Buying Long-Term Real Estate Investments –California’s Ideal!
To place your long-term real estate investment dollars, “California, is the ideal state for it. Not only has California provided enormous capital growth for real estate owners over the past four decades, but moving forward it has some remarkable features that make it somewhat attractive to property investors. If you do your homework you should be able to locate properties that make a compelling solid investment, but please don’t assume that you can just carelessly buy any investment property in California and build wealth. Here are my thoughts on this.
Shortage of valuable land: The main cities or counties — Los Angeles, Orange County, & San Francisco, — are all facing the same issues. Because of the dearth of land, the projections are suited for property values going up over time. Within a reasonable distance from the main employment centers, there is exceedingly little land available for development. In fact, most sought after city areas of the state only a couple large parcels are left within a short drive of the city, and most all of that land is being developed. Fewer than 30,000 parcels of all the land in the county is for the most part built out. So this constrained amount of vacant land means prices to buy “land” “as well as existing homes” should amplify over the long hall.
Property tax limits, Proposition 13: Dissimilar to how most states’ property taxes work. In most states, taxes go up each year subsequent to increases in property value, so if the property value rise, so will the taxes. But it is different in California, and that’s an enormous plus for real estate owners in the state. Investors that invest in any property “in California” have established property taxes @ 1 percent of the sales price. So on a $200,000 properties you would pay $2,000 per year in regular property taxes (In some areas, there may be a small additional county bond levies or Mello-Roos taxes). Back in the late 1970s Californians passed a measure that limited property taxes and property tax increases, they were exhausted of consistent hikes on property tax levies.
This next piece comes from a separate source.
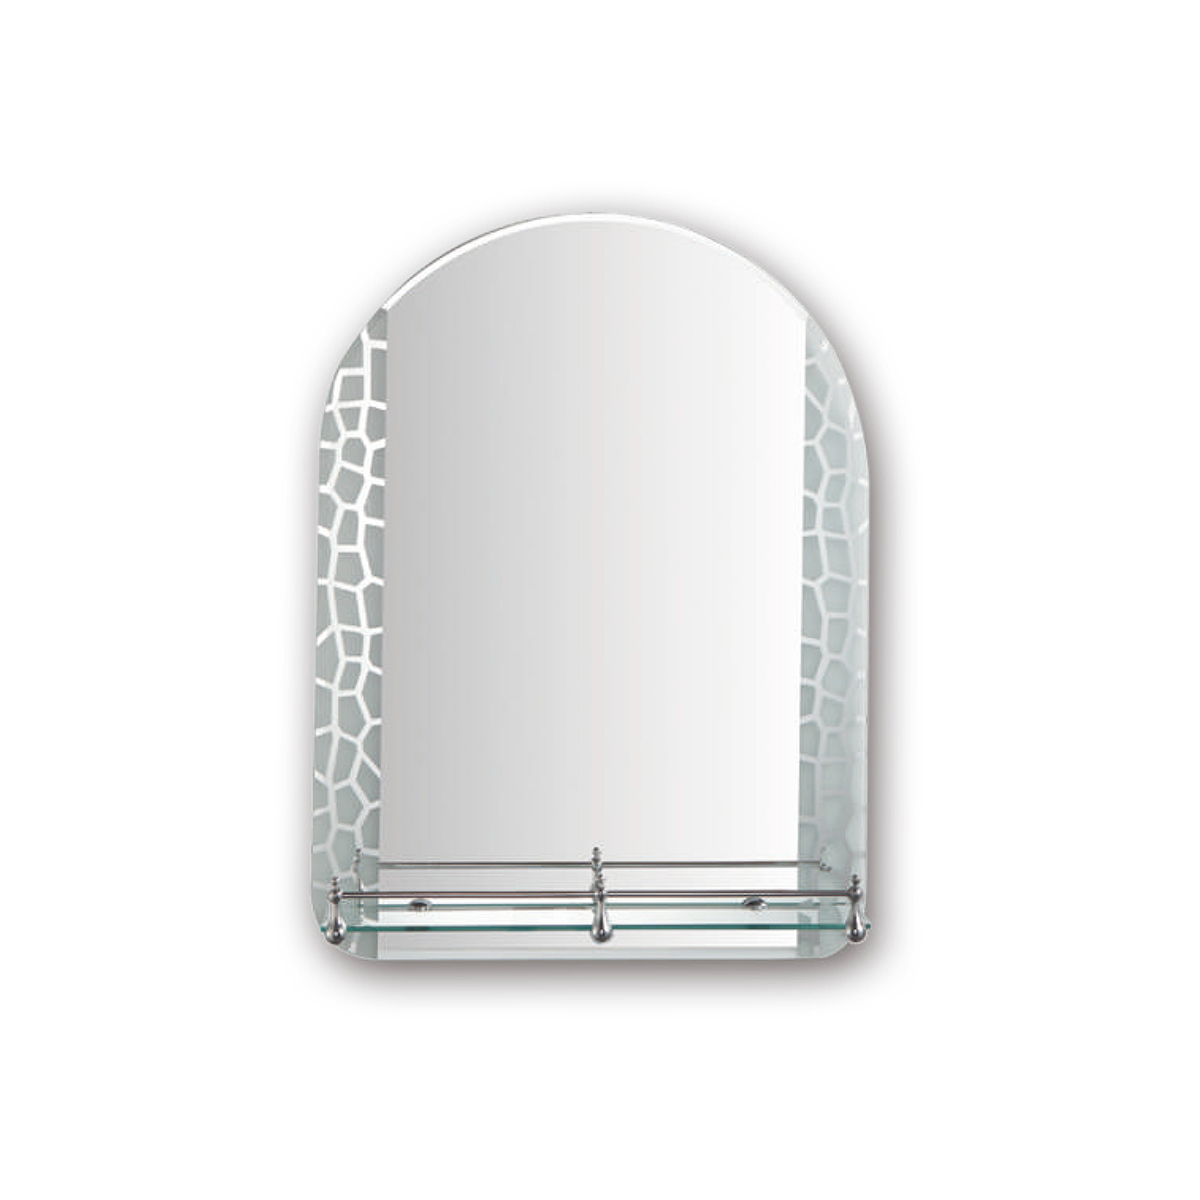 Зеркало фигурное Frap F694, с полкой, 60 x 45 см зеркало фигурное frap f622 45 x 60 см матовое

Hurdles to develop: Due to the paucity of available land, developing in California is extremely difficult. Between groups battling the developer over lower density of units on the parcel; a reluctance owner not willing to sell his or her property; and exorbitant city building permit fees. These all impede further development, increasing the housing supply and lowering property values. I think most all will agree that a moderate supply most likely increases property values.
Expanding population: If you have been paying attention to the media, they predict that the population in the U.S. to increase during the next five decades. So with the population expanding over time, then mix-in the sought-after weather in California, and throw in folks always prefer to live “in the coastal areas” it is more than likely that California property prices will continue to grow.
Fundamentally an investor must target investments with moderate prices and positive cash flows. Primarily and investor still need to be well-informed and invest wisely, so they reduce hassles and maximize profits. Basically, there’s an excellent chance if you have invested “in California” you own some of the best “dirt” in the nation which helps any retirement picture.